There is nothing Gautam Adani will not do for money. In this sense, he is admirably dedicated to greed, so much so he has become its foremost caricature worthy of permanent enthronement. Mark this man’s name in the scriptures of eternity: There was nothing he did not do for the filthy lucre.
For the unfamiliar reader, the $218 billion Adani imperium, one specialising in transport, infrastructure, and mining, is vast, with far reaching feelers, prongs and tentacles that have made their mark in a number of countries. Along the way, Adani’s companies have made quite a name for themselves. Employment laws have been breached and treated with disdain. Broader human rights abuses have featured. Governments and regulators have been lied to. No environment is ecologically safe from the company’s activities, despite their assertions to the contrary.
The gallivanting, amoral CEO has also made quite a habit of cultivating politicians across the globe. These representatives, weaklings as they are, have shown themselves amenable to changing their minds in the face of Adani’s overtures.
The central claim of the US investment firm is that the group has “engaged in a brazen stock manipulation and accounting fraud scheme over the course of decades.” Having spoken to dozens of individuals, including former senior executives, and conducting a review of thousands of documents and visiting a number of sites across a half-dozen countries, the picture that emerges is even uglier than first thought.
For one, the image of financial security and reliable solvency comes across as a fiction.

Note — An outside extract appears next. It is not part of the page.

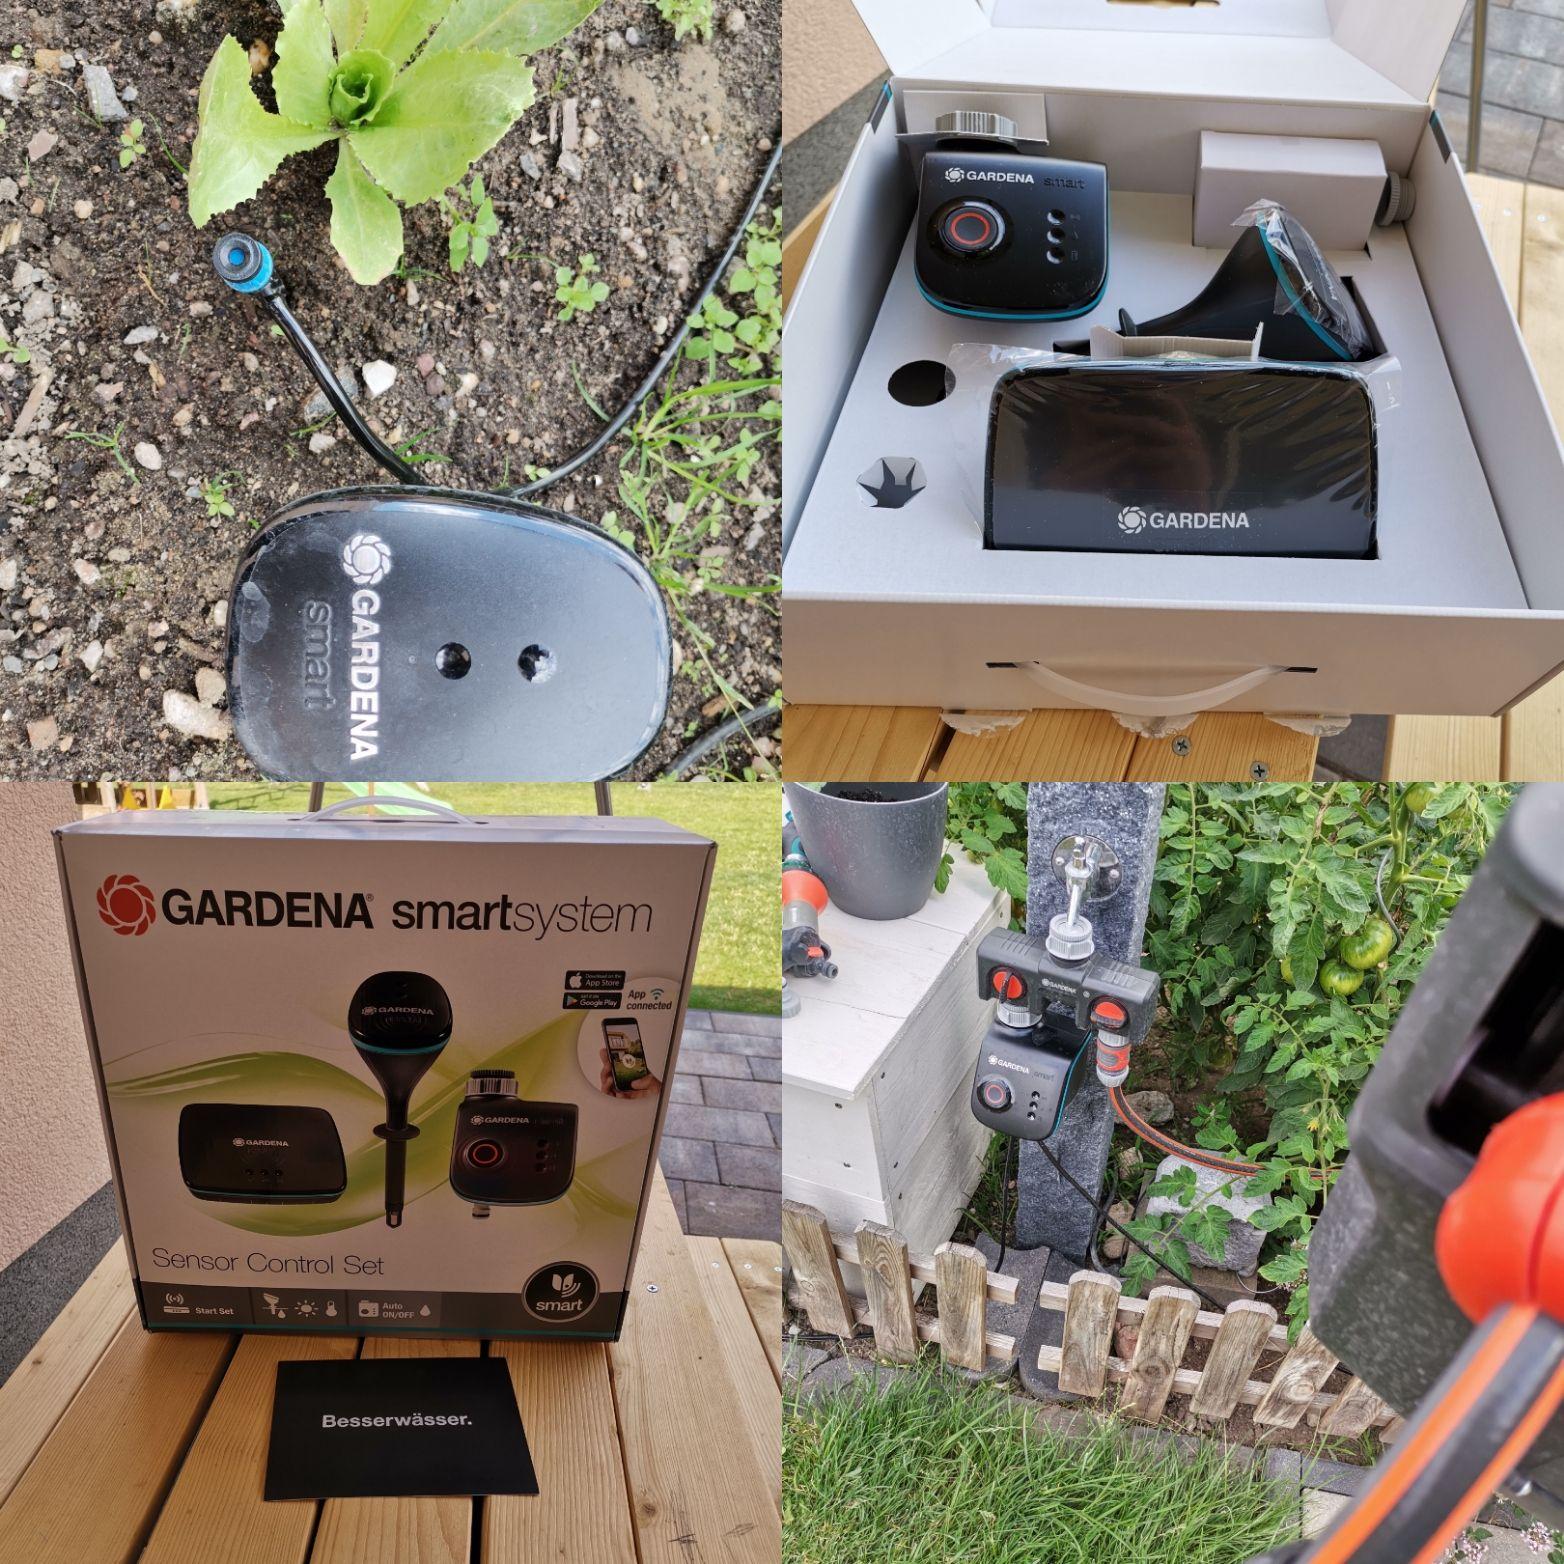 Der Smarte Garten Rasenpflege Bewasserungscomputer Beerenstraucher

In addition to grossly inflated valuations, the Adani companies have taken on substantial debt. Shares of inflated stock have been pledged in order to secure loans.
A sense of the false accounting picture given by Adani’s accounts can be gathered from the practices of Gautam Adani’s younger brother, Rajesh, who was accused by the Directorate of Revenue Intelligence (DRI) for being a key figure in a diamond import/export trading scheme in 2004-2005. Rajesh had used a number of offshore shell companies to generate artificial turnover. Gautam’s brother-in-law, Samir Vota, was also in on the scheme, making a number of false statements to the regulators.
The saga of corrupt behaviour continues through the activities of Vinod Adani, Gautam’s older brother. This most shady of figures plays a key role in managing dozens of shell entities that serve the functions of stock manipulation and money laundering. The latter part is achieved through using money from Adani’s private companies to bloat the balance sheets of the listed companies.
Adani’s response to the claims, one running into 413 mostly irrelevant pages, was to accuse the US firm of being in “flagrant breach of applicable securities and foreign exchange laws”, conduct becoming the “Madoffs of Manhattan”. A nationalist narrative was also injected into the rebuttal: to attack the Adani Group was nothing less than attacking Indian success itself.
Hindenburg Research’s counter to such bluster was chastening. India, “a vibrant democracy and an emerging superpower with an exciting future”, was being “held back by the Adani Group, which has draped itself in the Indian flag while systematically looting the nation.”
Since January 24, the date chosen by Hindenburg Research to release its findings, Gautam Adani’s unnaturally inflated personal wealth has been pared back. From being the third richest man, he is now out of the top 20. Within days, the conglomerate’s market value was wiped to the striking sum of $113.6 billion. The company has promised to prepay loans with $1.1 billion and call off its secondary share sale. The collateral used by the companies to secure funds has also suffered a fall in value.
Despite the rich number of allegations directed at Gautam, the family and his associates, another country and its government have fallen under the group’s spell. On January 31, Israeli Prime Minister Benjamin Netanyahu and Adani shook hands to formally confirm the $1.18 billion sale of the port of Haifa that had been agreed upon earlier in the month. The Indian billionaire was wistfully nostalgic on the occasion, noting that Indian troops had “led, in 1918, one of the greatest cavalry charges in military history” in Haifa.
Netanyahu hopes to leverage investments made in the Haifa project to create a trade route linking the Mediterranean and the Gulf, thereby bypassing the Suez Canal. In the words of the overly confident Israeli Prime Minister, Haifa would “become the entry point and exit point for a vast number of goods that will reach the Mediterranean and Europe directly, without having to go around the Arabian peninsula.”
To do so, the Abraham Accords are being touted as the economic centrepiece, enabling rail links to be established in Saudi Arabia, through Jordan and ultimately to Haifa port itself. But Netanyahu, himself no creature to accusations of corruption, is facing a figure and business partner in freefall.